__YOUR GOAL__. The result should be an exact copy of every record, with no pictures kept.

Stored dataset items
*****

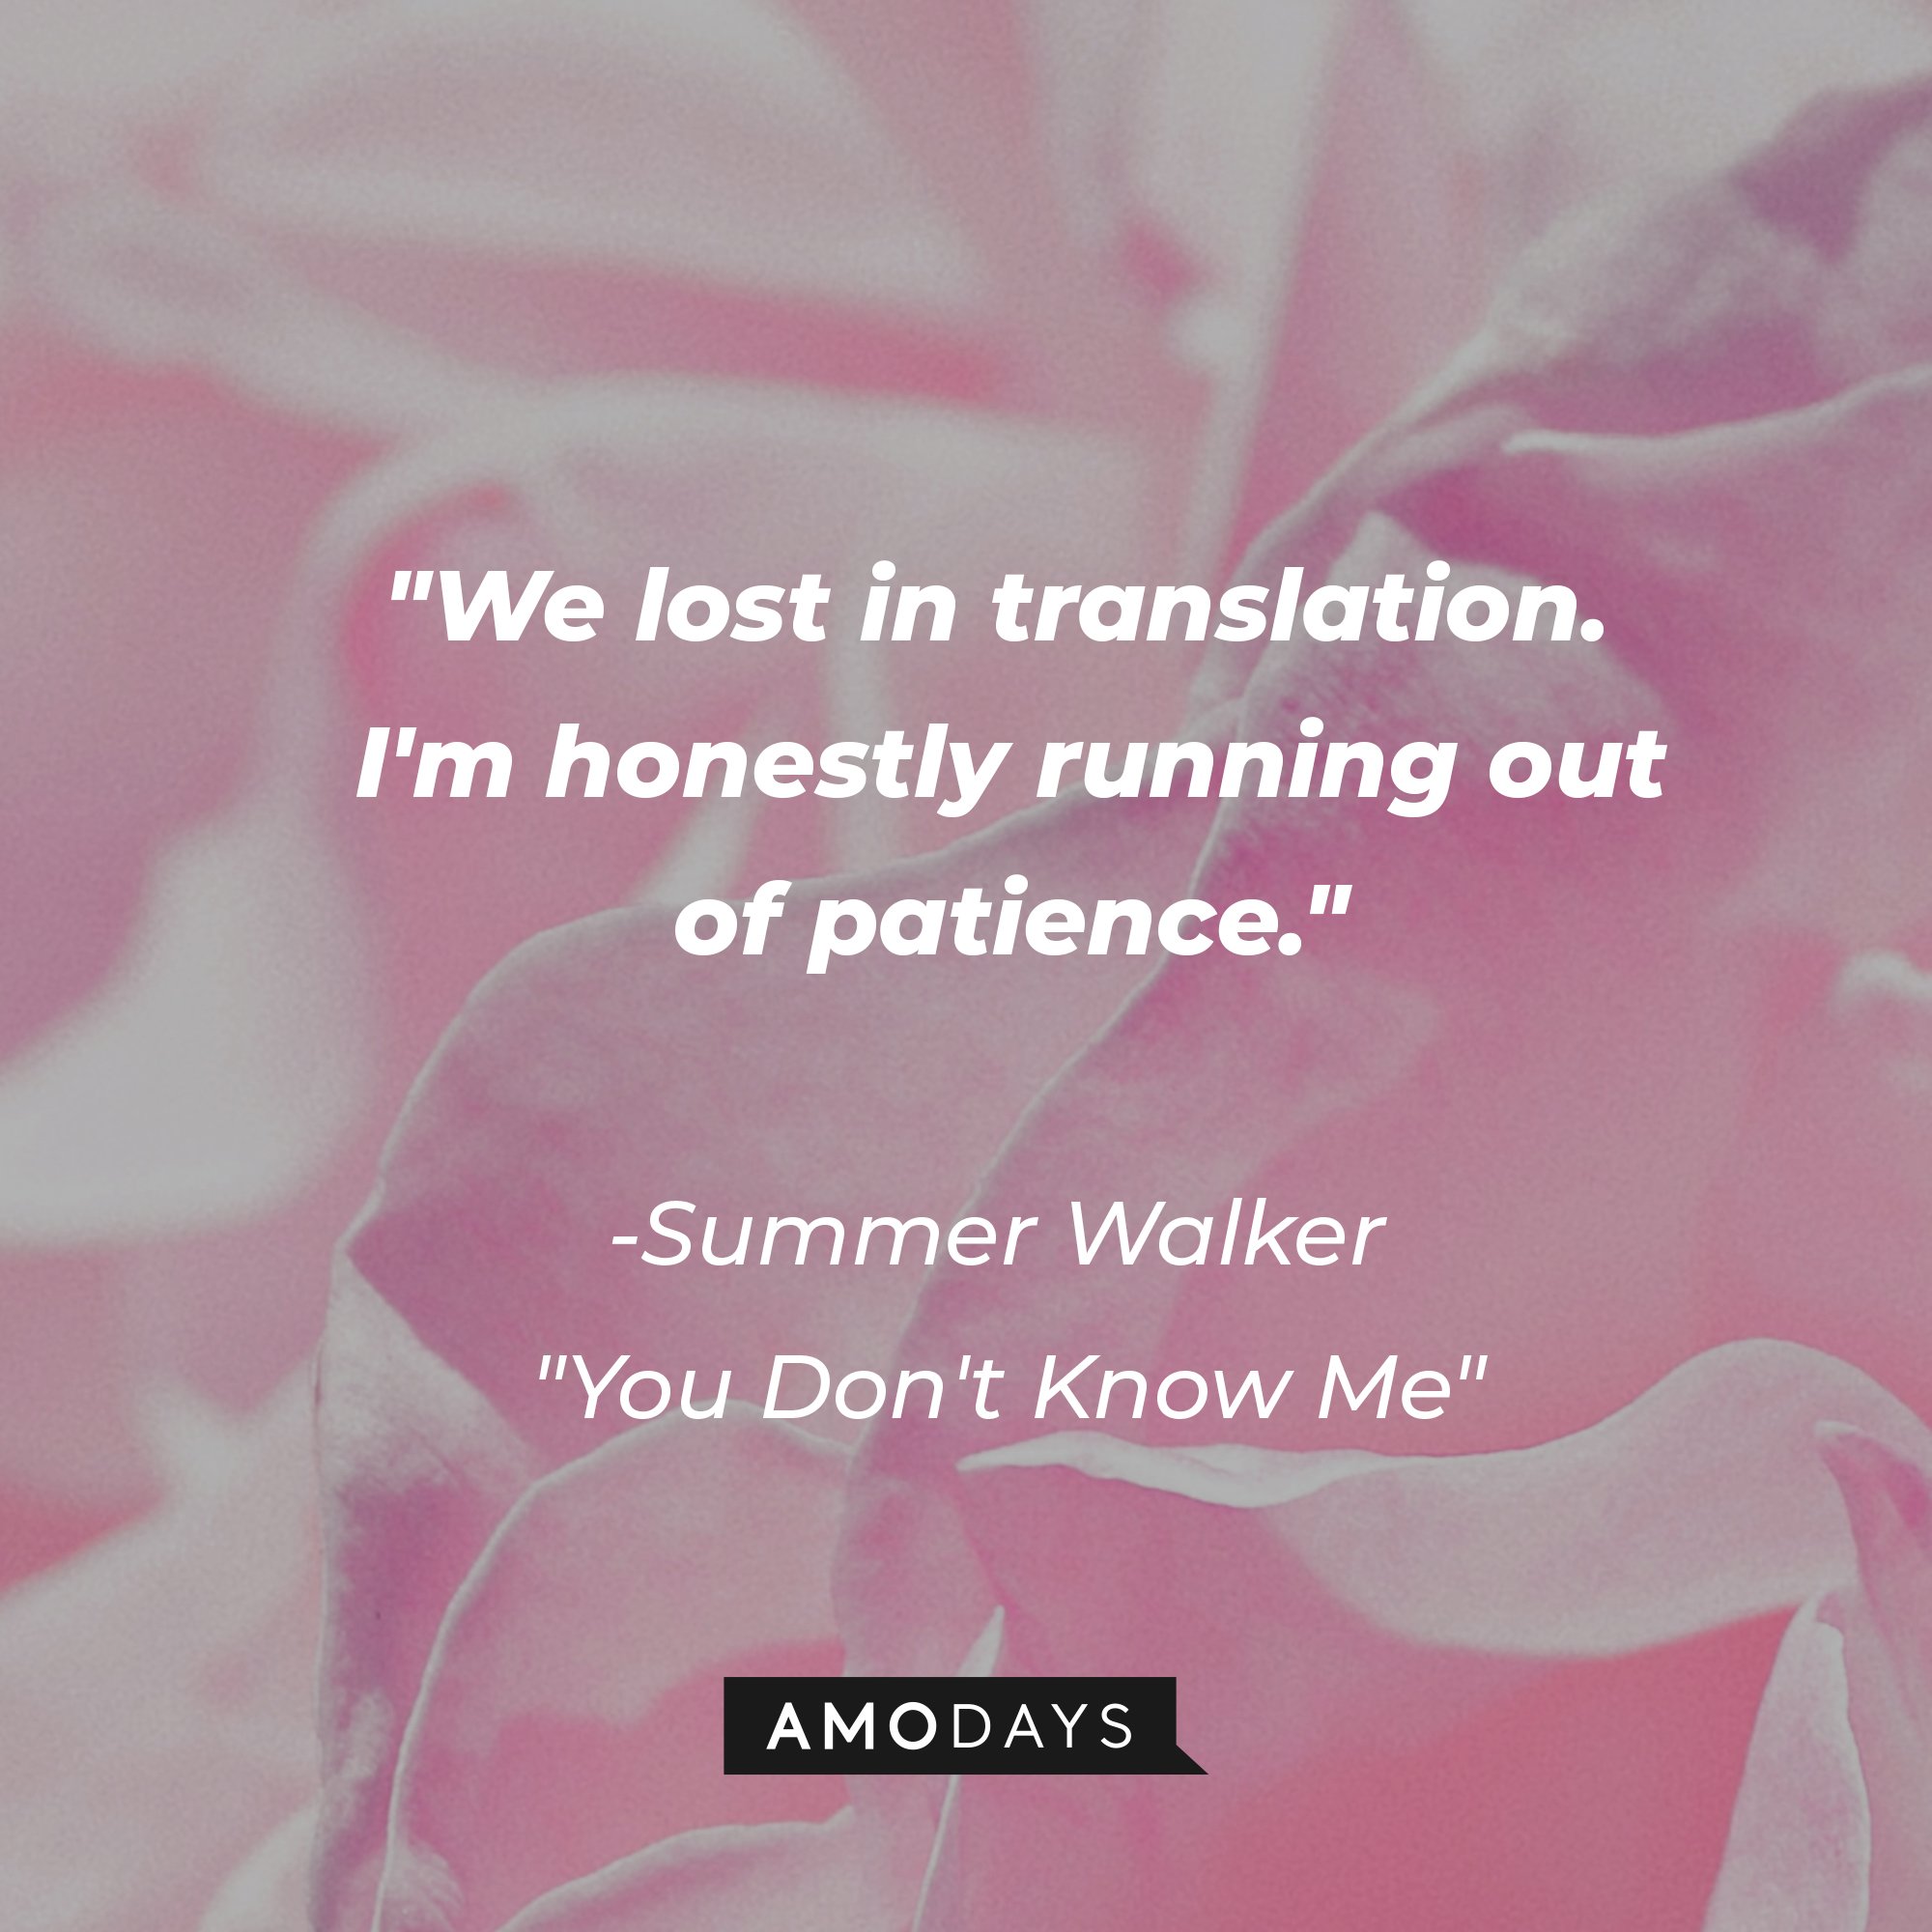 Summer Walker's "You Don't Know Me" quote: "We lost in translation. I'm honestly running out of patience." | Image: AmoDays
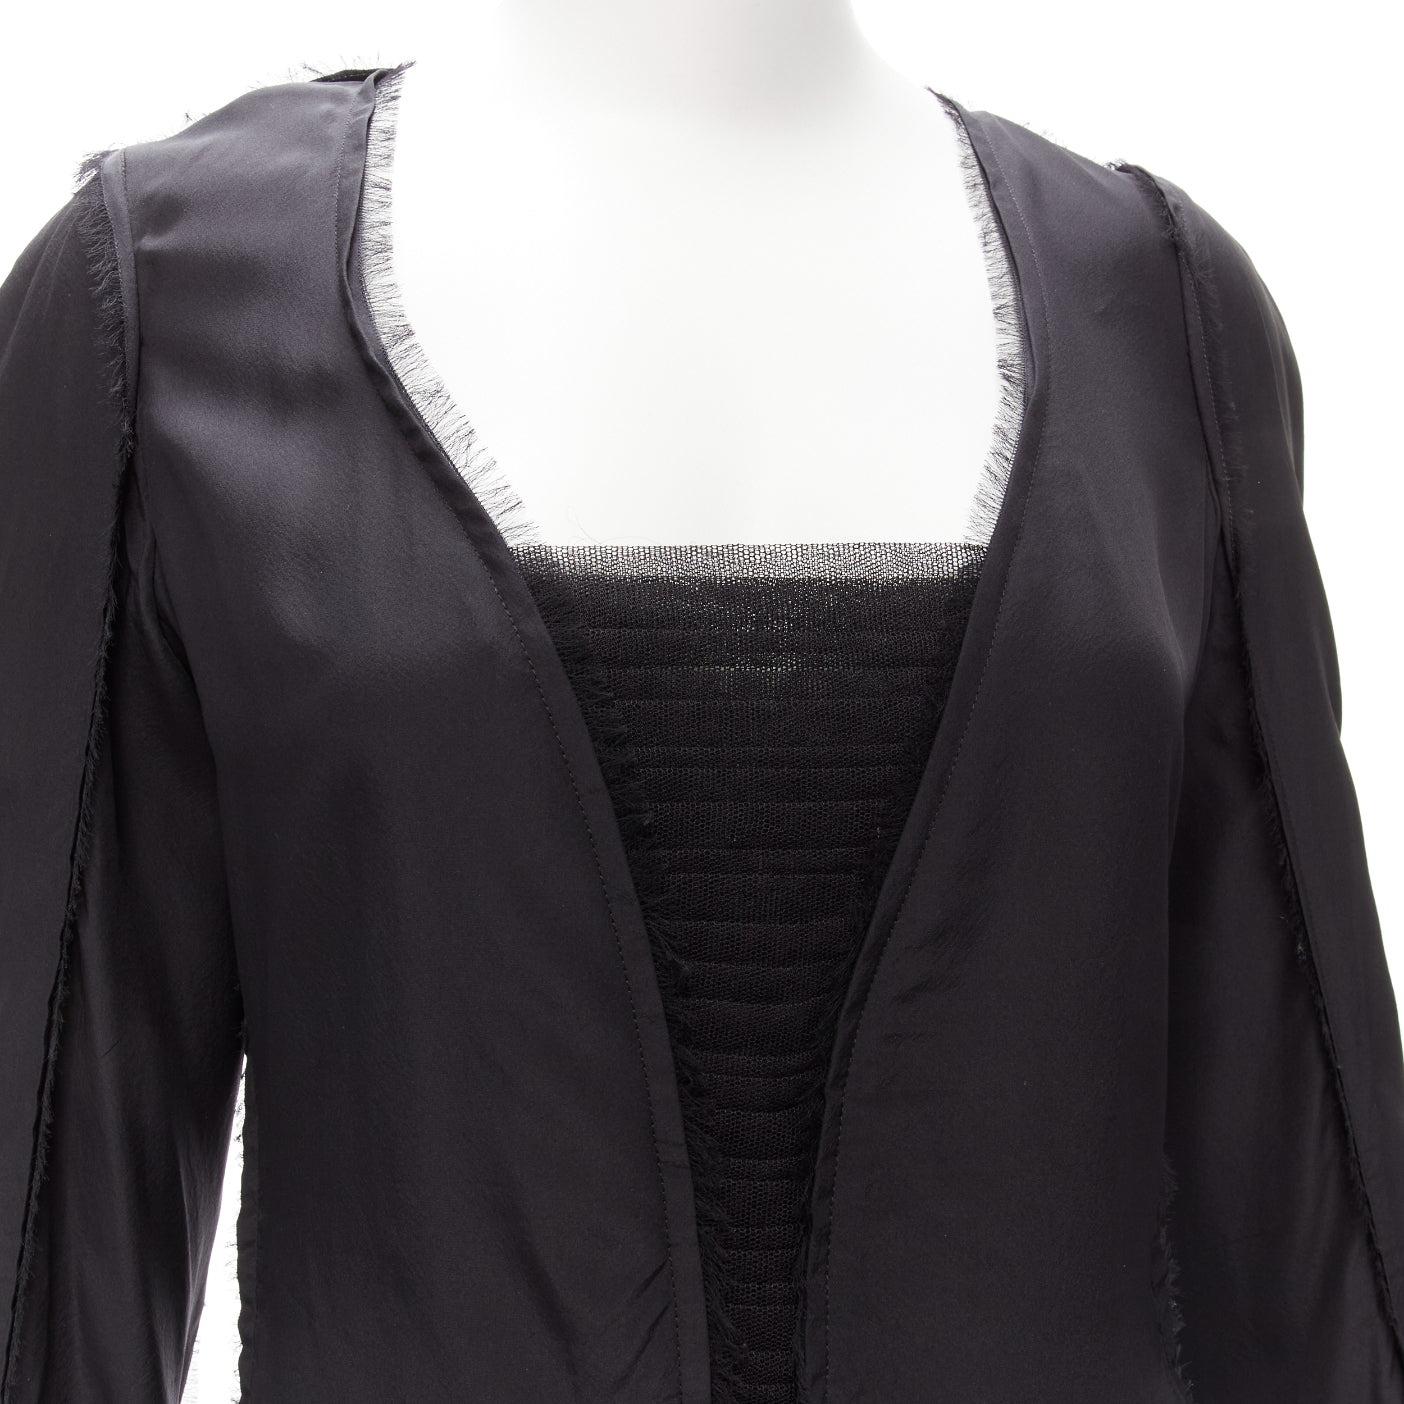 vintage YVES SAINT LAURENT TOM FORD black silk pleated mesh fringe trim top FR40
Reference: TGAS/A00338
Brand: Yves Saint Laurent
Model: Silk top
Collection: Fall Winter 2019
Material: Silk
Color: Black
Pattern: Solid
Closure: Zip
Extra Details:

*****

__ANSWER BOX__.
 Summer Walker's "You Don't Know Me" quote: "We lost in translation. I'm honestly running out of patience." | Image: AmoDays
 vintage YVES SAINT LAURENT TOM FORD black silk pleated mesh fringe trim top FR40
Reference: TGAS/A00338
Brand: Yves Saint Laurent
Model: Silk top
Collection: Fall Winter 2019
Material: Silk
Color: Black
Pattern: Solid
Closure: Zip
Extra Details:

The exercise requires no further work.